Jugué al rugby entre los 11 años y los 21. En Belgrano Athletic Club encontré a mis mejores amigos, que ya con 43 años, todavía me rodean. Fuimos una camada bastante mala en rugby (nunca salimos campeones y perdíamos casi todos los partidos) pero muy buena en amistad. Hoy valoro mucho más eso porque pasan los años y nos seguimos viendo con muchos de los integrantes de “la 76”. Lo entendí de grande pero era obvio: el rugby, el deporte como juego, no importaba tanto. No éramos fanáticos. Era una excusa para vernos en los entrenamientos y después el fin de semana para jugar, ir a ver a la primera, salir al boliche, etc. Nos divertíamos mucho juntos y aún lo hacemos. Y ahora también lo hacen nuestros hijos entre ellos. Mis amigos, esos amigos, son incondicionales, son como hermanos para mí. Podemos pensar distinto en mil cosas pero siempre van a estar a mi lado para lo que necesite y yo al lado de ellos.

Ni el rugby ni el machismo están excluidos del aberrante asesinato de Fernando Báez Sosa en Villa Gesell. Ya es hora de que toda la autodenominada “familia” del rugby haga una autocrítica sincera y honesta sobre las costumbres que rodean al deporte.
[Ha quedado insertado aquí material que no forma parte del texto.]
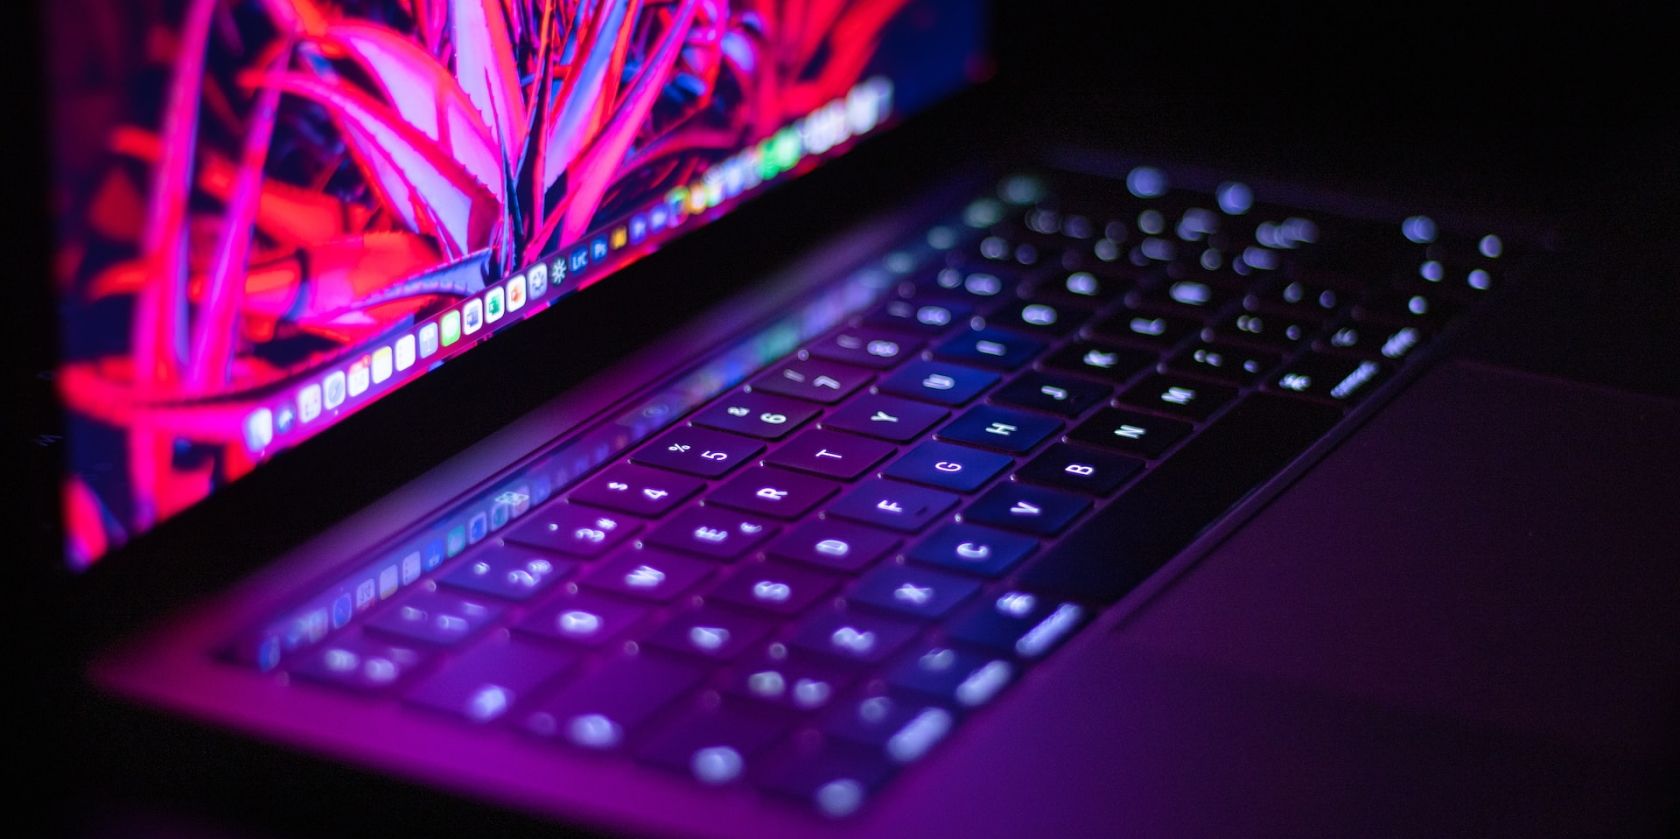 MacBook in the dark

Me refiero a la cultura rugbier que nace y se esparce fuera de la cancha. En los terceros tiempos, en las previas, en los boliches, en los veranos cuando se van en grupo a vivir a una misma casa. Es una cultura dominada totalmente por el alcohol en exceso, las trompadas, el “mano a mano” cómo método de validación y triunfo, las peleas grupales (“la general”) como medición de fuerza frente a otros grupos, camadas o clubes rivales. O incluso frente a otras tribus, clase social o religiones distintas: gays, judíos, grasas y “negros villeros”. Porque en el ambiente del rugby, que ya se sabe es bastante conservador, también hay homofobia, xenofobia, machismo y discriminación. Aunque muchos lo nieguen, por el motivo que sea.